Gaining Visibility into the “Black Box”

In addition to the technological advantages, there is another distinct advantage of a swappable architecture. This is the visibility it provides for developers and the organizations.

As models become more complex and capable, they often turn into what are colloquially known as "black boxes”. Their internal workings are opaque and difficult for even experienced developers to understand. This lack of transparency can be a significant barrier for development, debugging and ensuring ethical and responsible AI usage.

Since modular systems break up a behemoth AI architecture into smaller pieces, developers have a clearer understanding and greater control over the system. This leads to AI applications that are not only powerful and efficient but also ethical and responsible. They will be trusted and valued by users, fostering wider adoption and more sustainable development in the long run.

Eating Our Own Dogfood

At Iguazio (acquired by McKinsey) we regularly create demos to show what a gen AI architecture looks like in action. Recently, we developed a call center demo that included multiple, swappable steps.

Each of the components in these steps can be easily swapped. In fact, when we developed the demo they were swapped to achieve different outcomes. Any changes we made didn’t affect the rest of the pipeline and easily made a positive impact without any overhead.

For example, in the call analysis pipeline, there is a "diarization" step that went through a few iterations. For context, diarization puts speaker labels on segments of time (e.g. speaker 1 spoke from 0:01 to 0:03, speaker 2 spoke from 0:03 to 0:04, etc.)
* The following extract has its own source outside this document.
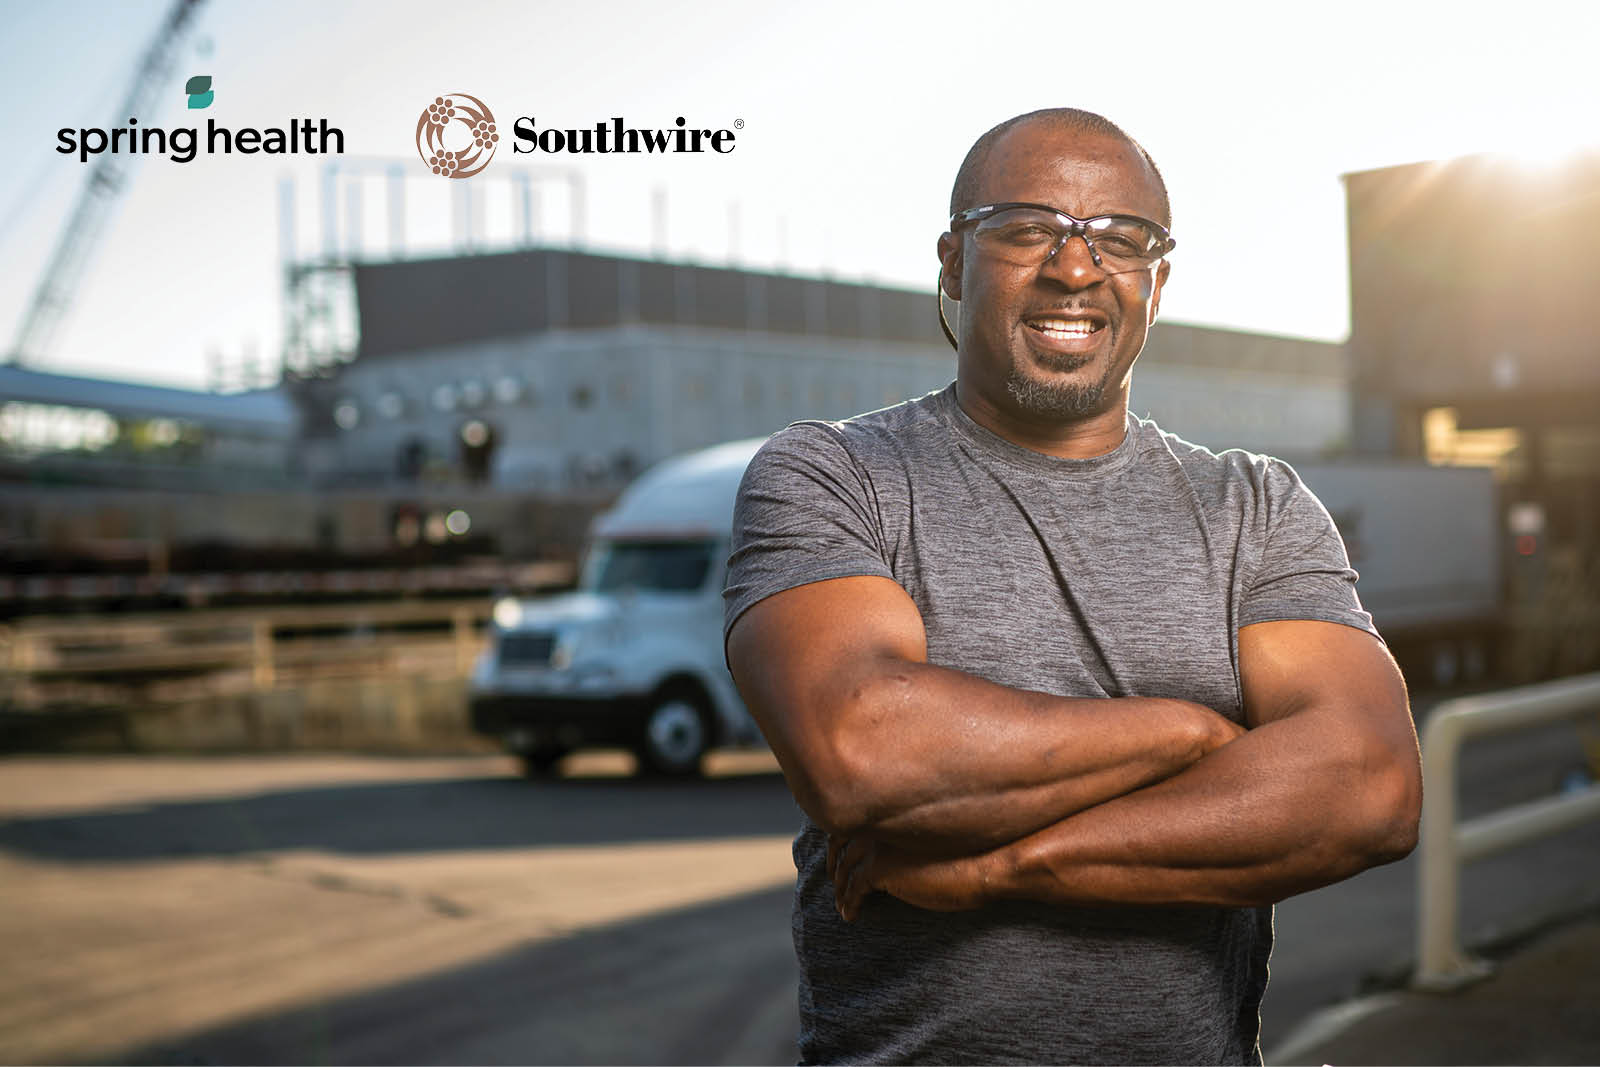 Southwire Partners with Spring Health to Provide Mental Health Benefits

1. The first iteration had no diarization at all.

2. The second was adding it using a library called pyannote that works well but is quite heavy and requires a GPU.

3. The third iteration was adding parallelization of this pyannote component across multiple GPUs to increase efficiency and reduce time.

4. The fourth iteration was changing approaches completely and leveraging the format of the audio data itself to more efficiently perform diarization. We switched from pyannote to silvero-vad, which is a very simple voice activity detector model. This allows it to be run on a CPU and easily parallelized across multiple CPU cores.

It is important to note that this approach only works because of the specific format of the data. The call center data is stored in a way such that each speaker is on a separate channel (speaker 1 on the left, speaker 2 on the right). This means you can use a very simple voice activity detector model to determine when each person is speaking. At the end of the day, this is all diarization is.

For more info, check out this MLOps Community webinar.

Conclusion

As new technologies emerge, they bring with them new capabilities. Keeping track of these advancements and understanding which can enhance your application will ensure your organization maintains a competitive advantage. A modular architecture can help teams swiftly integrate new updates and features into existing applications. This agility ensures that applications can evolve at the same pace as the AI models and technologies they depend on, without requiring your constant manual oversight or intervention. With the future unknown and developing fast, being open to anything that comes along is the sure way to remain future-proof.